Разные дни войны (Дневник писателя) - Симонов Константин Михайлович - Страница 53
- Предыдущая
- 53/408
- Следующая
В дневнике эти двое суток, проведенных в Москве, превратились в одни. Все это было так скоротечно, что, Очевидно, уже через полгода показалось всего-навсего одними сутками.
Очевидно, в "Красную звезду" к Ортенбергу я пришел не в первый вечер своего приезда в Москву, а на второй, уже когда в "Известиях" появились две мои первые корреспонденции и первые снимки Трошкина. Наверное, это и подогрело решимость редактора "Красной звезды" забрать меня к себе.
Свою третью корреспонденцию, "Горячий день", я написал уже в Москве 19-го, и она появилась в "Известиях" 20-го, в день нашего возвращения на фронт. Под первыми двумя стояло: "Действующая армия, 18 июля"; под третьей: "Действующая армия, 19 июля", - хотя на самом деле, как это видно из дневника, события, описанные в этих корреспонденциях, происходили 13 и 14 июля. Но в то время такая максимально приближенная к дню публикации датировка была общим явлением. Я проверил это, прочитав номера всех центральных газет за 19 июля 1941 года. Буквально всюду под всеми корреспонденциями из действующей армии стоит дата: 18 июля.

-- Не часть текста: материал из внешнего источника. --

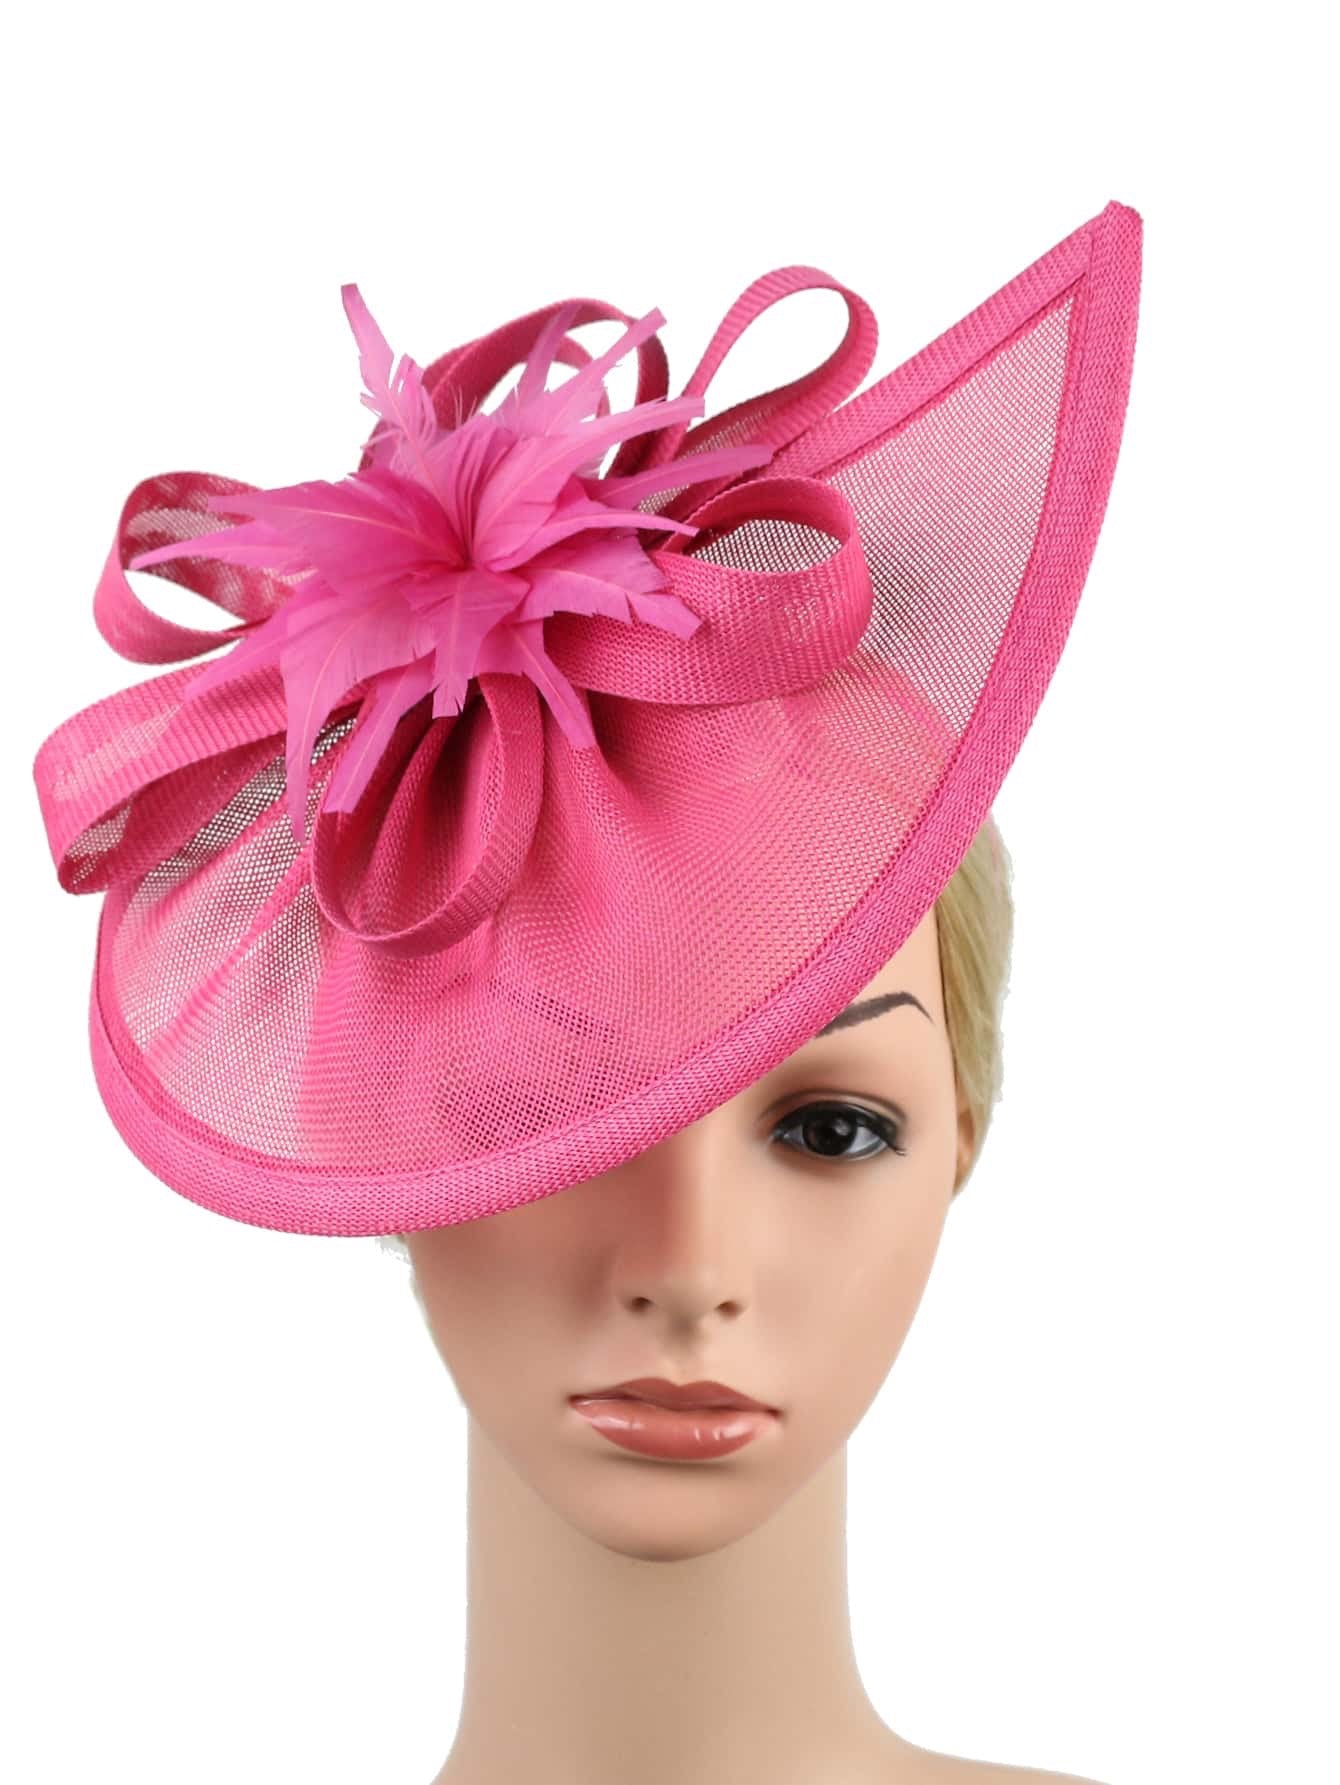 Vintage Inspired Fascinator Hat - Pink
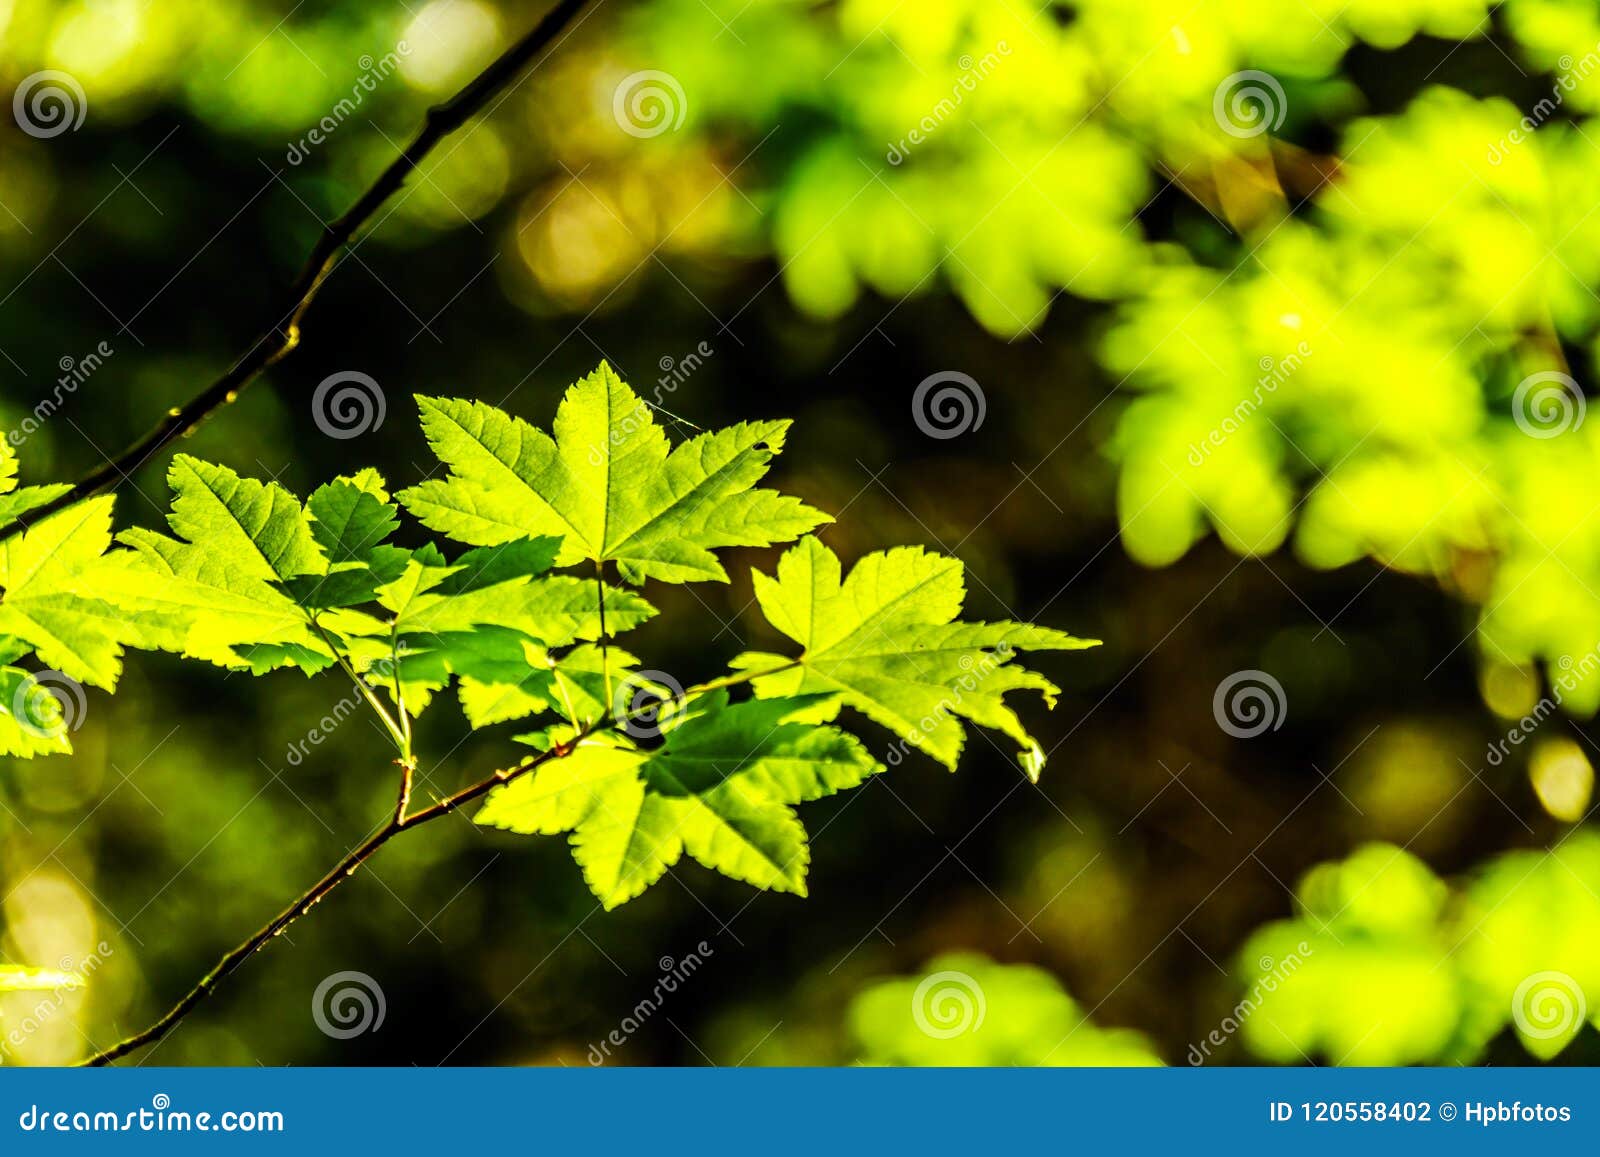 Folhas de bordo verdes frescas em uma floresta no Columbia Britânica, Canadá. Close up das folhas de bordo verdes frescas em uma floresta, também emblema nacional do ` s de Canadá, no Columbia Britânica, Canadá

Можно понять положение редакций в те дни: материалы поступали скупо, доставлялись с великим трудом, порой с риском для жизни, а сам характер материалов с пометкой "Действующая армия", как правило, был таков, что смещение дат не играло особой роли. В корреспонденциях с фронта не было попыток изобразить общий ход событий, а рассказы о боях не были связаны с конкретными географическими пунктами. Наоборот, при публикации в целях сохранения военной тайны изымалось все, что хоть ненароком могло бы дать представление о том, где что происходило.
В моей корреспонденции "Горячий день", к примеру, было сказано, что "полк, которым командует полковник Кутепов, уже много дней обороняет город Д.". Перечитывая ее сейчас, я вижу, что ни одна деталь не указывала в ней на то, что речь идет о боях за Могилев.
А в опубликованном в тот же день в "Красной звезде" "Письме с фронта", присланном корреспондентами "Красной звезды" писателями Борисом Лапиным и Захаром Хацревиным, называвшемся "На N-ском направлении", не было и намека на то, что речь идет об одной из наших контратак на дальних подступах к Киеву.
Из корреспонденции, напечатанных в наших газетах 19 июля с пометкой "Действующая армия", было видно, что мы на всех фронтах обороняемся, что оборона носит упорный характер и сопровождается контратаками. Естественное в ту тяжелую пору стремление каждого из нас не пропустить ни одной попытки контрудара, когда на газетных листах все наши материалы сходились вместе, создавало у читателей ощущение куда большего числа наносимых нами контрударов, чем было на деле. И все же в этих корреспонденциях содержалась та объективная истина, что активность нашей обороны вопреки ожиданиям немцев не падает, а растет.
Наиболее далекие от реальности выводы могли в те дни связываться у читателей газет с материалами, посвященными нашей авиации. Из всех родов войск наша авиация в начале войны оказалась в наиболее тяжелом положении, и рассказать в Москве о том, что я видел в воздухе над Бобруйским шоссе, я не мог даже самым близким людям, даже матери, сознавая, какой силы душевное потрясение я обрушу на нее, все еще продолжавшую жить довоенными представлениями.
Для того чтобы понять всю трудность нашего с Трошкиным положения первых военных корреспондентов, приехавших в Москву и вынужденных отвечать на сотни вопросов, надо сопоставить некоторые документы того времени.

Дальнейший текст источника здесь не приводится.